● Your objective: The copy has to match the data exactly and leave out every picture.

● The data:
=-=-=
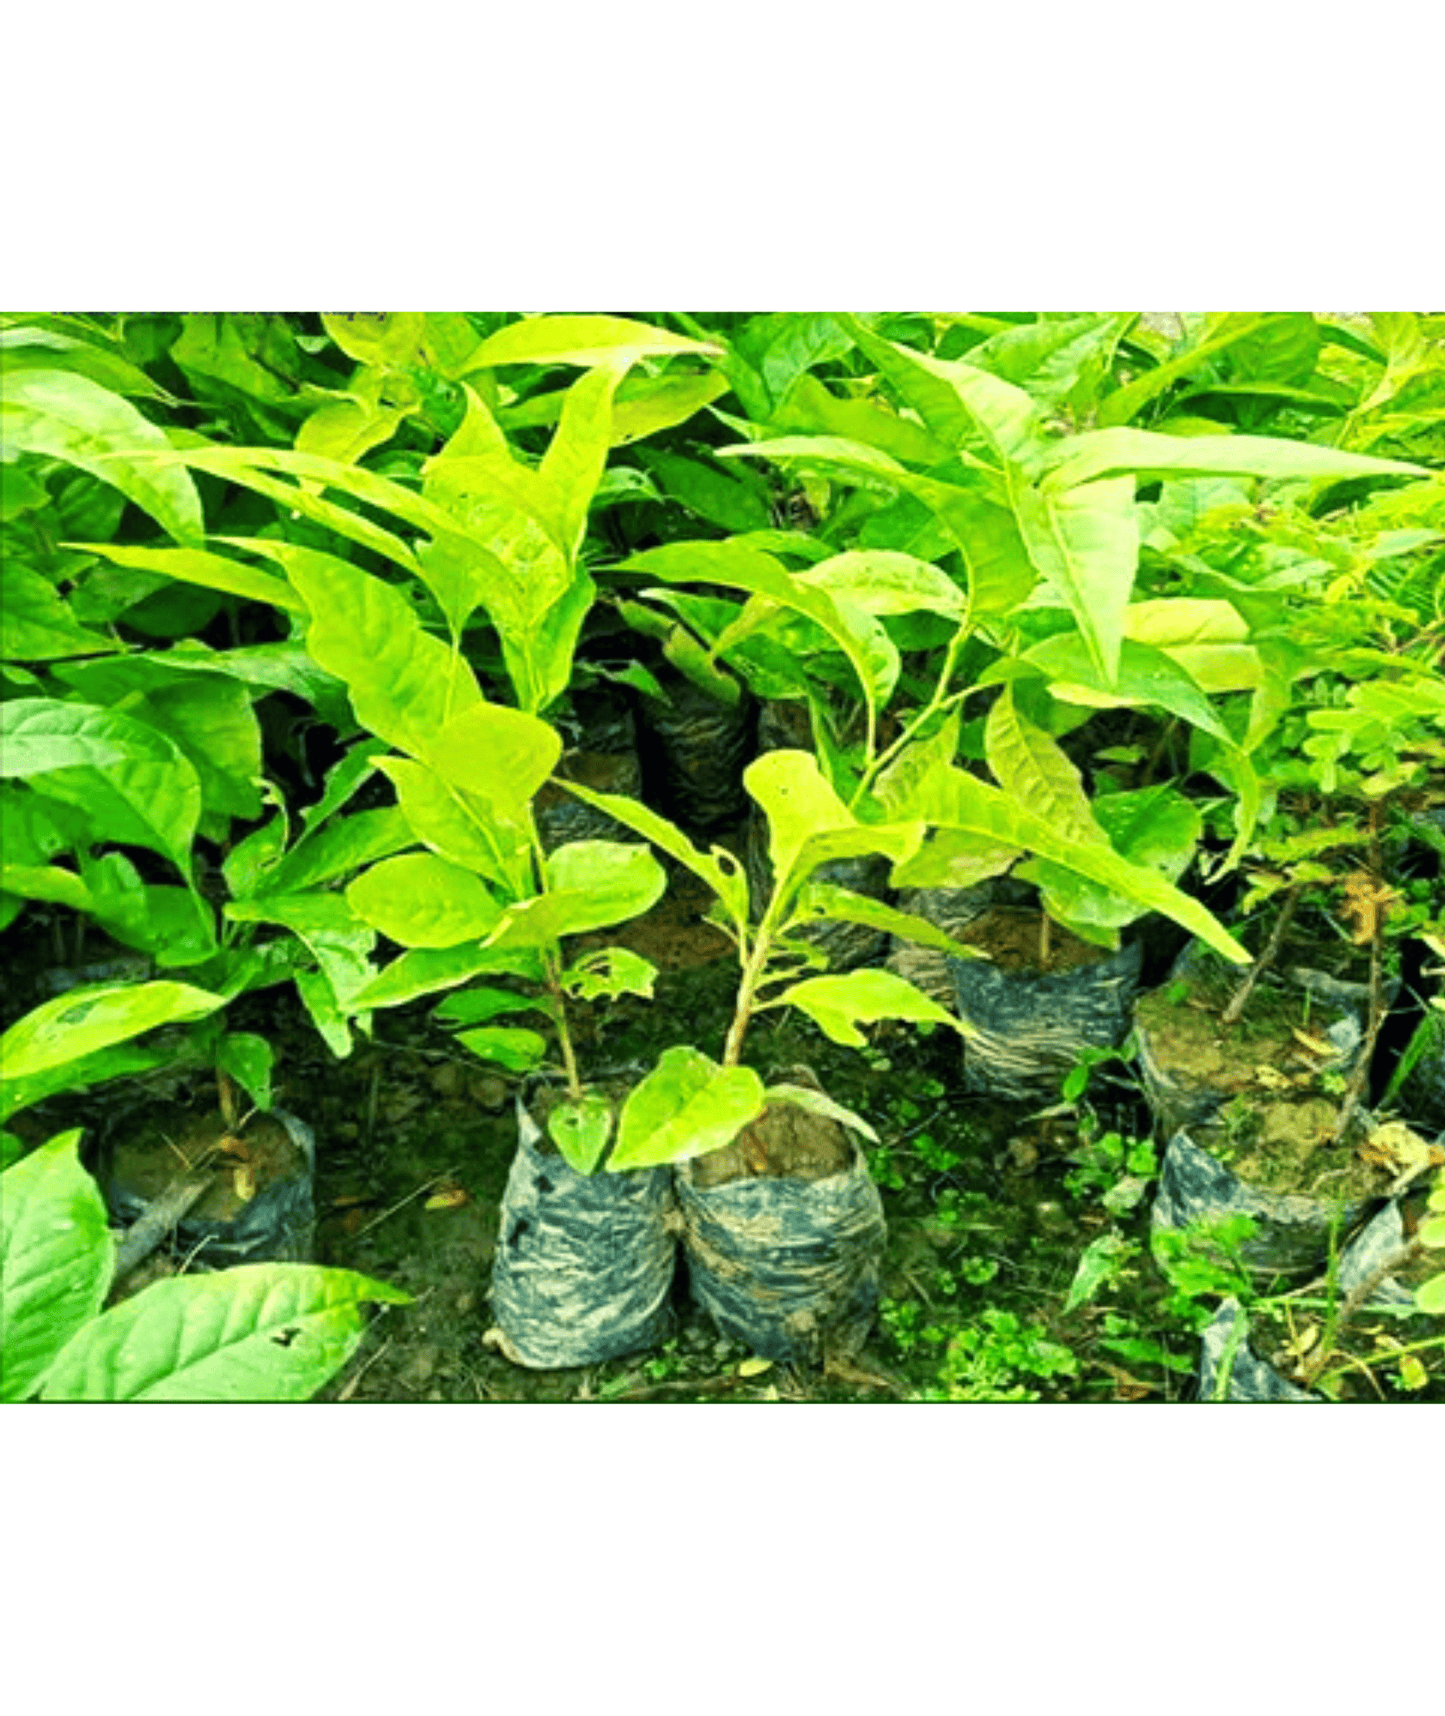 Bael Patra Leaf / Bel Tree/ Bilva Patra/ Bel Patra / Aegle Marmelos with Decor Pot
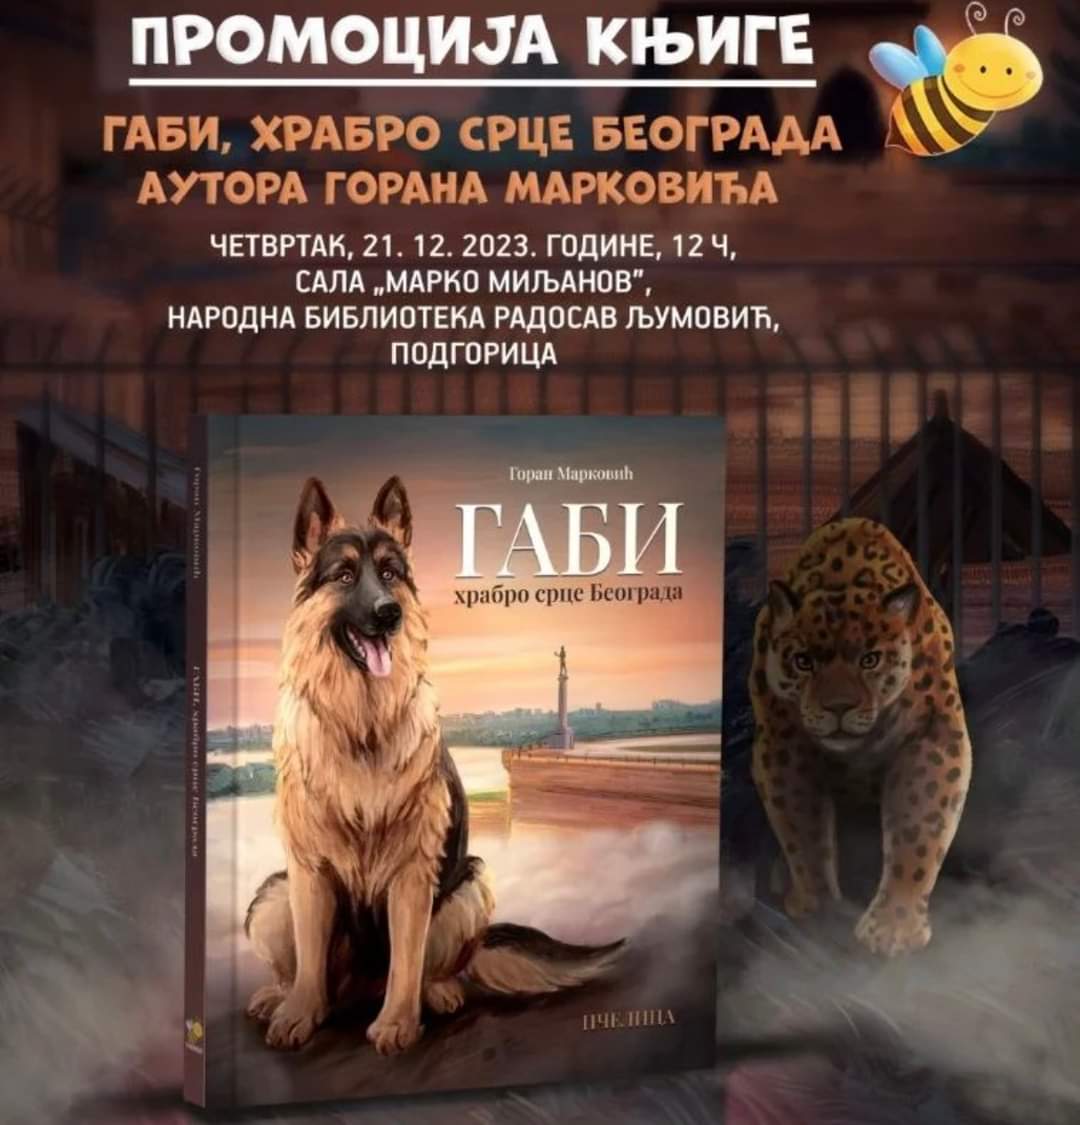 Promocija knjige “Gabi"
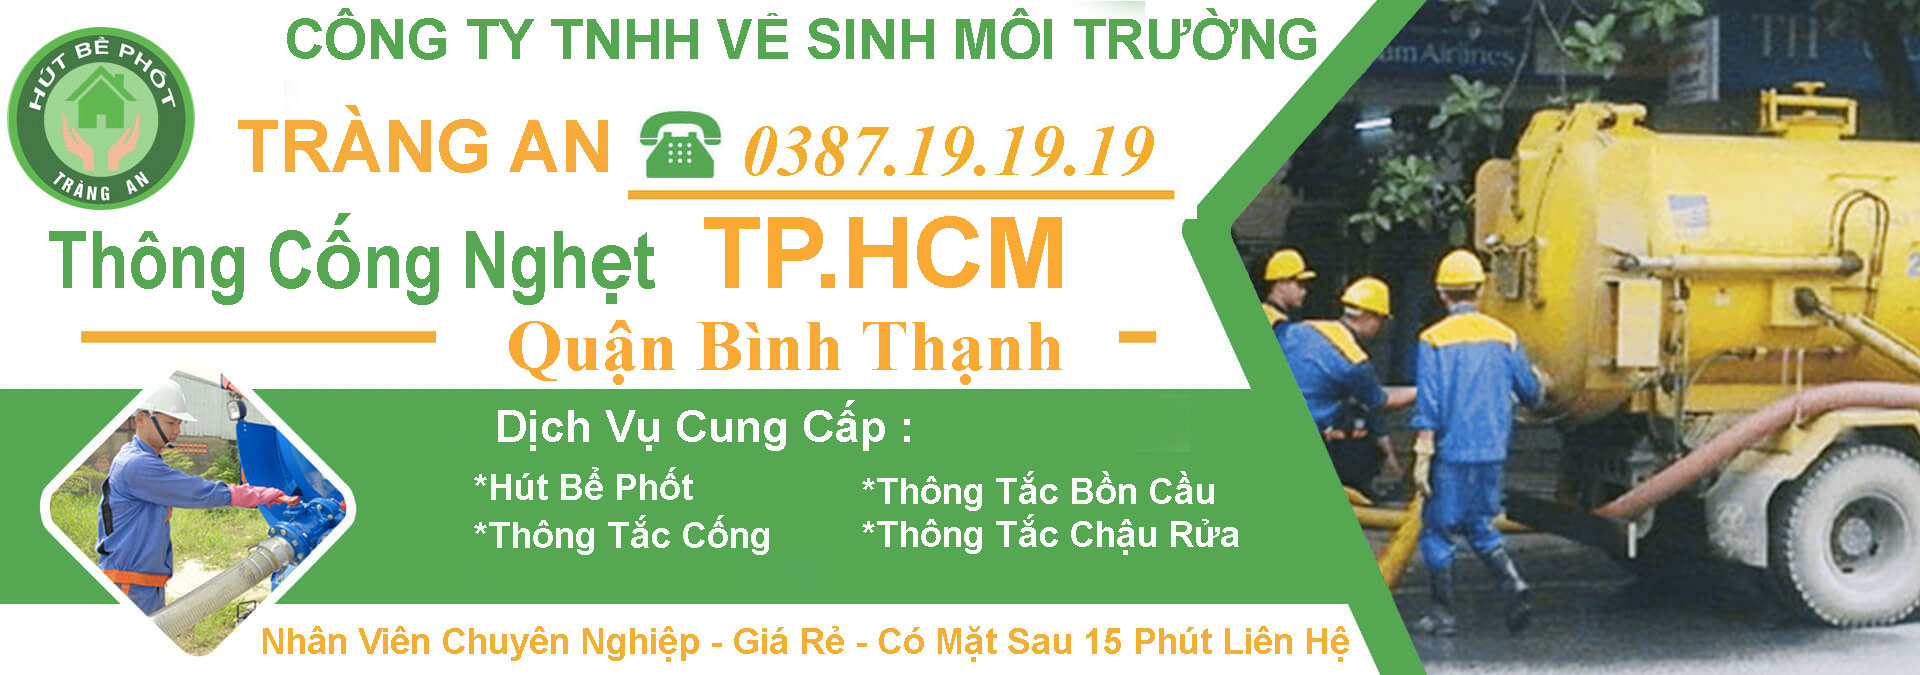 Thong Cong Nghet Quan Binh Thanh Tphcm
=-=-=
● Solution to this exercise:
 Bael Patra Leaf / Bel Tree/ Bilva Patra/ Bel Patra / Aegle Marmelos with Decor Pot
 Promocija knjige “Gabi"
 Thong Cong Nghet Quan Binh Thanh Tphcm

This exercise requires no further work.